Cansado se dirigió al borde del mar, su amigo. El comendador había dicho: el mar os pertenece, id y solazaos, es bueno para el alma, es bueno para romper la angustia, pero sobre todo es bueno para la economía. Decretó: las playas están abiertas, pero eso sí, cuídense, conserven la distancia social.
Al llegar a la playa vi a la gente apelotonándose, buscando el sol, buscando el agua, buscando un pez con el cual conversar. La mitad de los paseantes con máscaras, la otra mitad con la inconciencia del impotente que se cree todopoderoso, o que no piensa, o que quiere regresar a la vida negando el pasado.
Mi plato sonrío tristemente, tembló de miedo y se dijo: pelotudo el gobernante.
Escuchó en las últimas noticias al futuro comendador y se dijo: sospechoso, en un discurso populista y oportunista promete cambiar su forma de pensar, cambia su discurso y simula el adoptar el de otros, el camaleón mamá, el camaleón, cambia de colores según la ocasión, decía una canción en mi juventud.
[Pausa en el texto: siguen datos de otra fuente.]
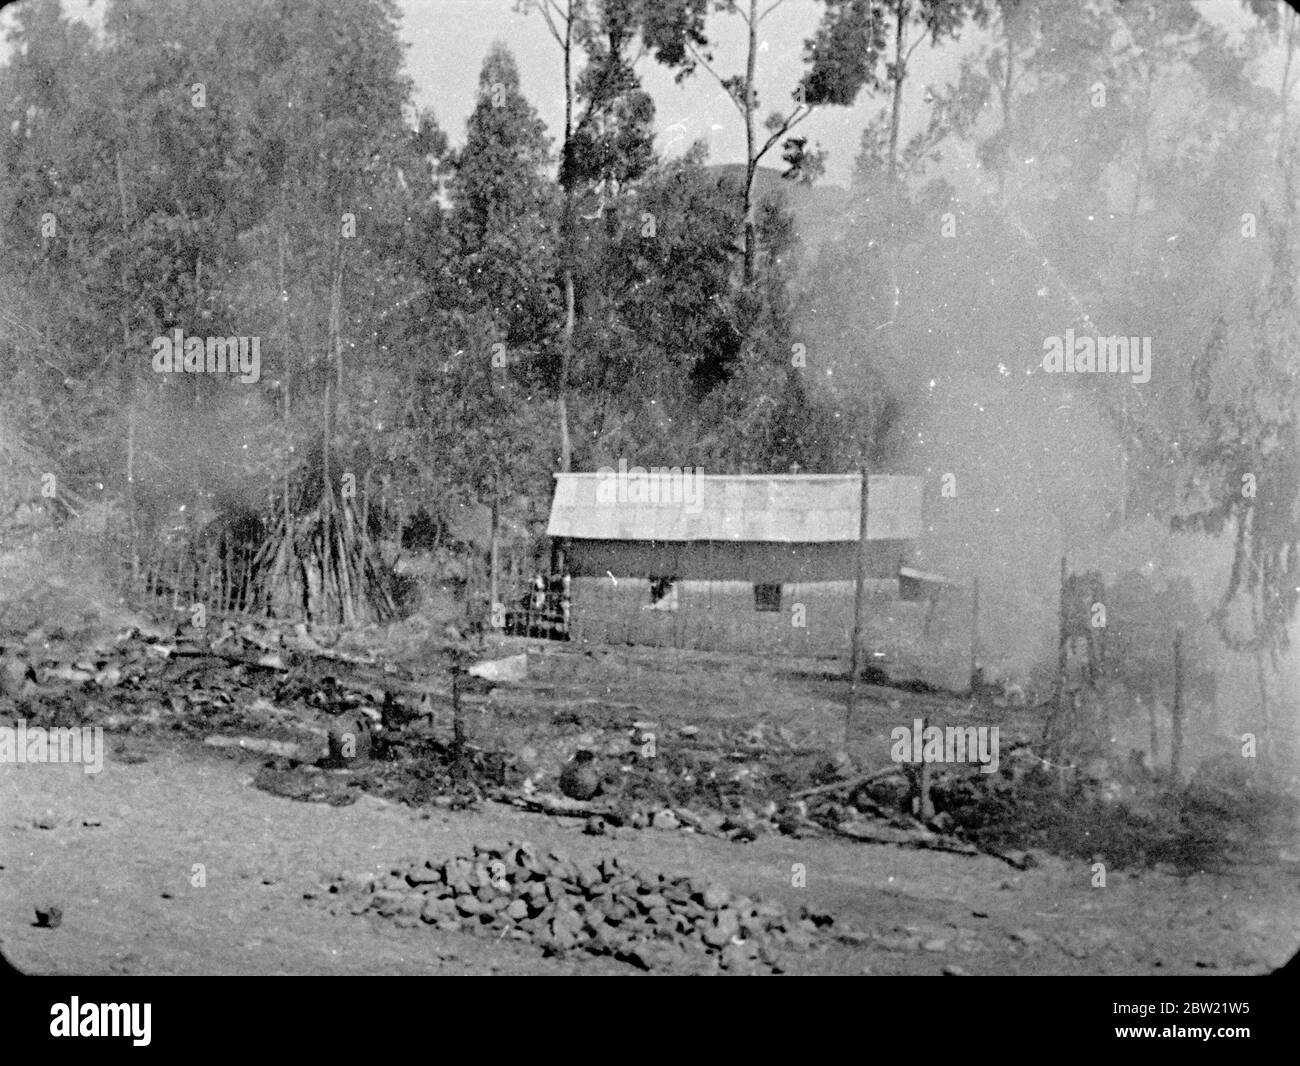 Italienischer Äthiopienkrieg, 1935 -1936 die Bombardierung des äthiopischen Dorfes Dessye durch italienische Flugzeuge. Gebäude in Brand geraten. Dezember 1935 Stockfoto

En su nuevo color aparenta interesarse en los platos vacíos, en el clima, en la educación gratuita, en la salud como un derecho, para atraer los votos de las víctimas de los nuevos miedos. Marinerito sobre cubierta, como se dice en Puerto Rico para pedir ver el dinero primero. Ver para creer como dice la mayoría –la mayoría menos los ciegos, y es natural. Nada por aquí, nada por allá dijo el ilusionista al pueblo, parole, parole, parole, dijo la canción triunfadora en el festival de las ilusiones perdidas.
Cansado de falsas promesas mi plato les dio vuelta la espalda, se alejó de la masa, y siguió su búsqueda.
Solo y sin respuestas se encontró con otro plato vacío y le preguntó: ¿tú también perdiste el empleo? Nunca había pensado en el otro, pensé que mi desgracia era única.
Y tristemente, dando vuelta la cabeza me preguntó: y tu, ¿cuál es la razón de tu existencia?
Lo tomé entre mis manos, y por lo que tengo hambre, por lo que el hambre me espera a la vuelta de la esquina, lo rompí, por inútil y preguntón.
–En tiempos de la peste ¿es peligroso el preguntarse o el hacer preguntas? –insistió incorregible, recogiendo sus pedazos.
A la próxima pregunta, lo muelo, me dije.